Screening and design rules:
- A-site: favor FA/MA for stability; avoid excessive K or Rb.
- B-site: partial Sn substitution enables optimal $E_g$ ; Ge lowers gap but destabilizes; Ba/Sr/Ca stabilize but widen $E_g$ .
- X-site: I–Br mixture for $E_g\approx1.3$ –$1.6$ eV and stability; avoid Cl fraction $>30\%$ for $E_g<2$ eV (Yang et al., 2023, Yang et al., 2023).
- Tolerance factor $t\approx0.9$ –$1.0$, octahedral factor $\mu\approx0.5$ –$0.85$ are essential for cubic stability (Yang et al., 2023).

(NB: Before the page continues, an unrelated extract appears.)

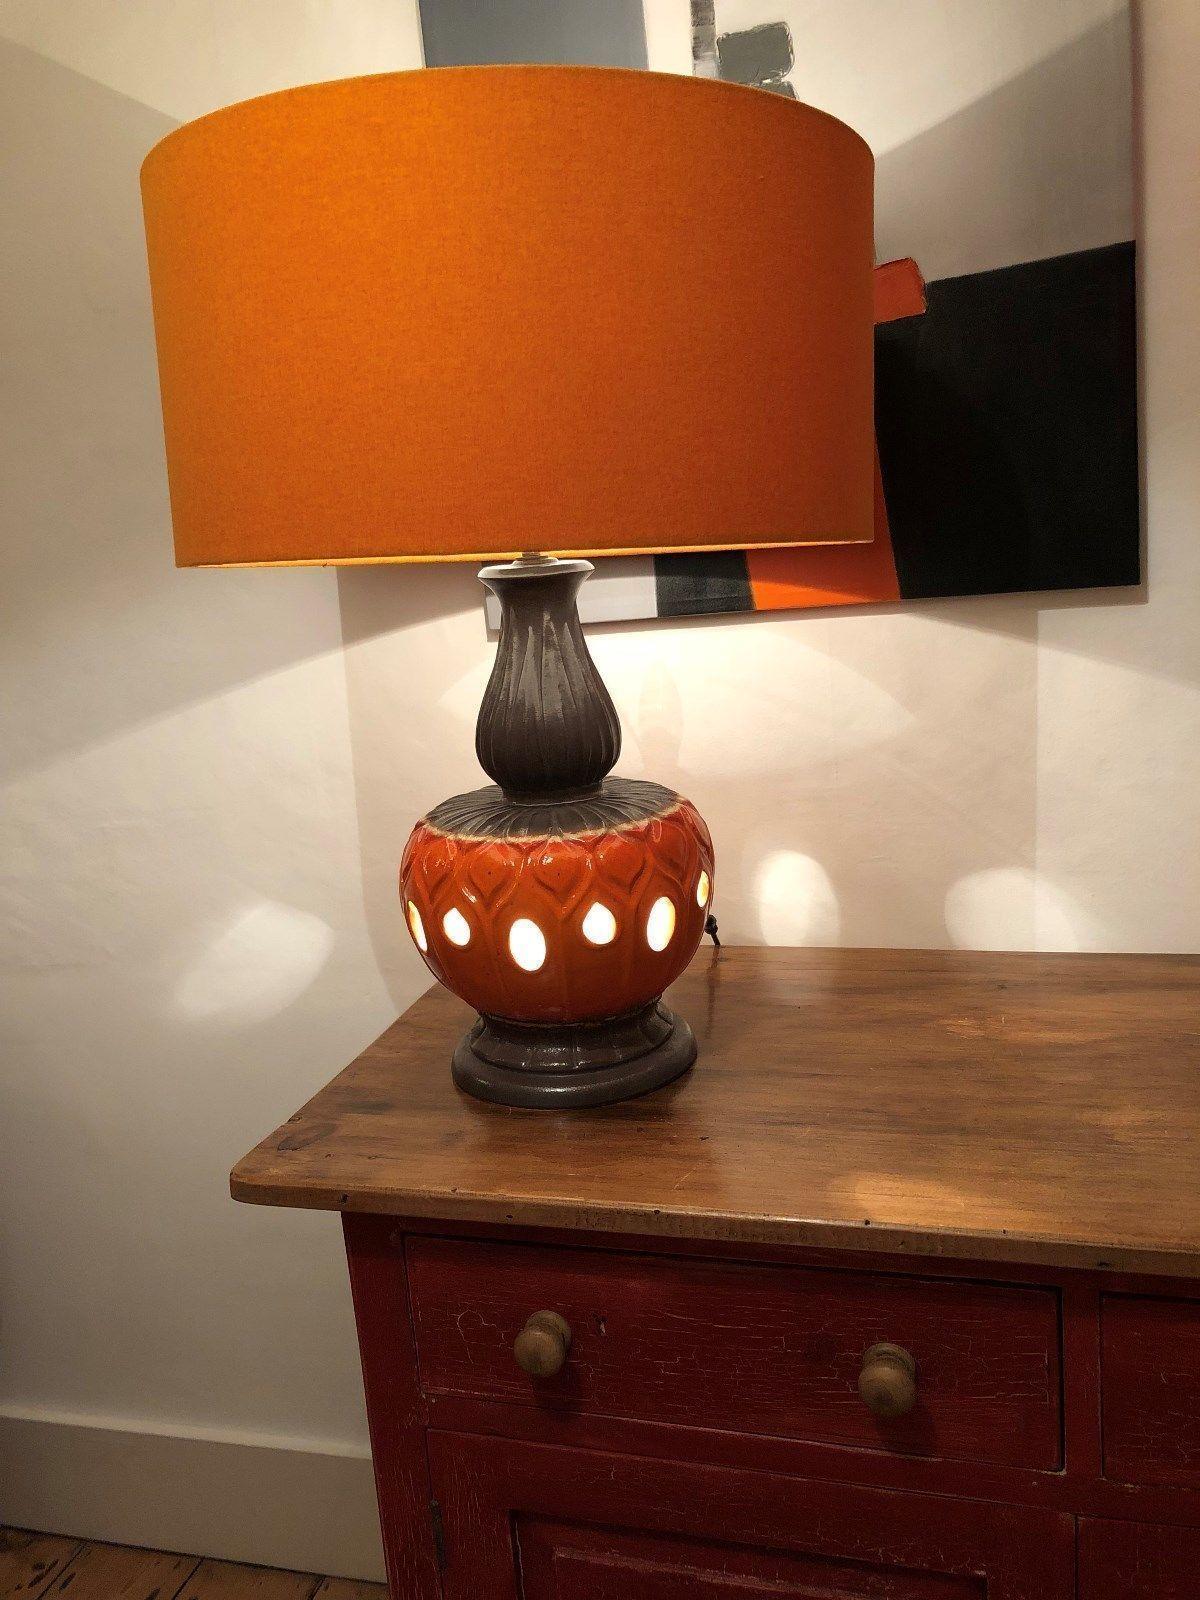 Vintage Table Lamp Base Art Pottery Striking Design Orange Brown Circa 1960s Vgc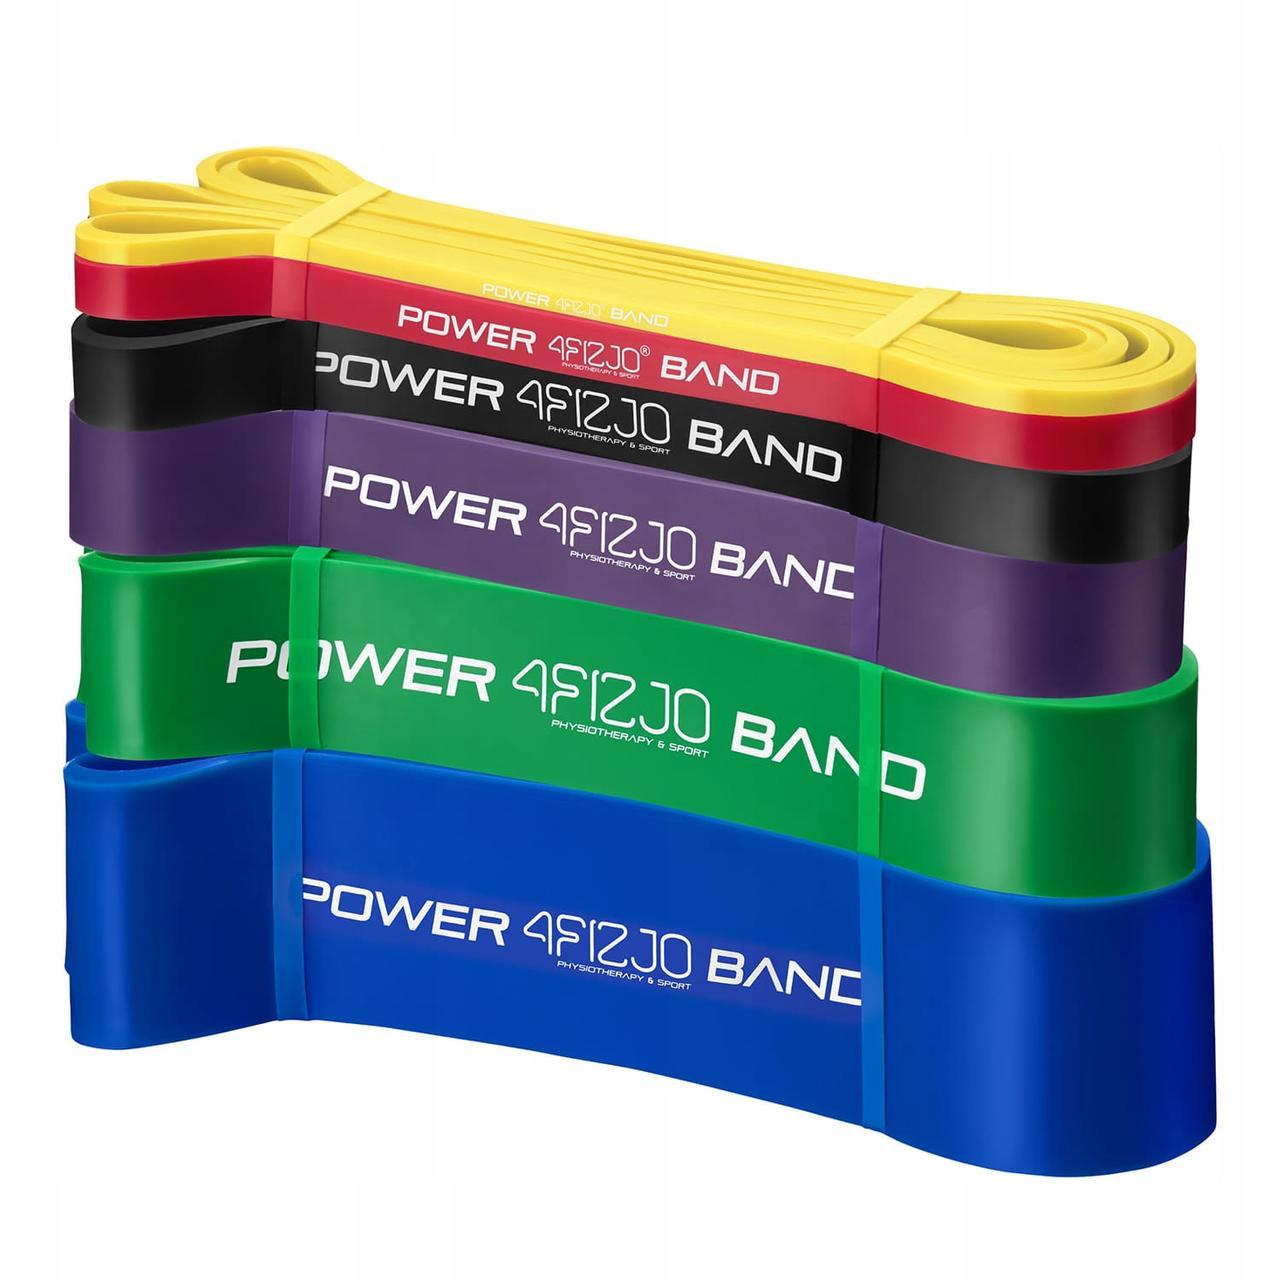 Эспандер-петля (резинка для фитнеса и спорта) 4FIZJO Power Band 6 шт 2-46 кг 4FJ0064

7. Distinct Physical Mechanisms and Alloy Bowing Behavior

The physical origins of compositional bowing in electronic and energetic properties can be decomposed as follows (Dalpian et al., 2018):

Band gap bowing: Strongest for B-site alloying due to direct mixing of Sn/Pb/Ge s- and p-orbitals; minimal for A-site alloying (mainly geometric).
Mixing enthalpy: Positive bowing signals a propensity towards phase separation (miscibility gap); A-site alloying typically incurs higher positive $\Delta H_\mathrm{mix}$ than B-site mixing.
Upward gap bowing and negative mixing enthalpy: Realized in multi-B-site (IVB/IIB) cubic alloys via cross-gap s–s repulsion; enables alloys whose band gap exceeds all constituent binaries while being stable (ΔH<0), an exceptional scenario relevant for barrier/tunnel layers (Zhang et al., 31 Jan 2026).
Born–Haber cycle decomposition: Octahedral distortion removal, volume deformation, charge exchange, and structural relaxation are quantitatively separable energetic contributions in SQS DFT frameworks (Dalpian et al., 2018).

These findings frame ABX₃ halide perovskite alloys as a model system for rational band-gap engineering, stability optimization, and optoelectronic property control, with robust computational-experimental convergence enabling targeted material design for photovoltaics and beyond (Yu et al., 2019, Yang et al., 2023, Dalpian et al., 2018, Lehmann et al., 2018, Magdaleno et al., 2022, Yang et al., 2023, Zhang et al., 31 Jan 2026).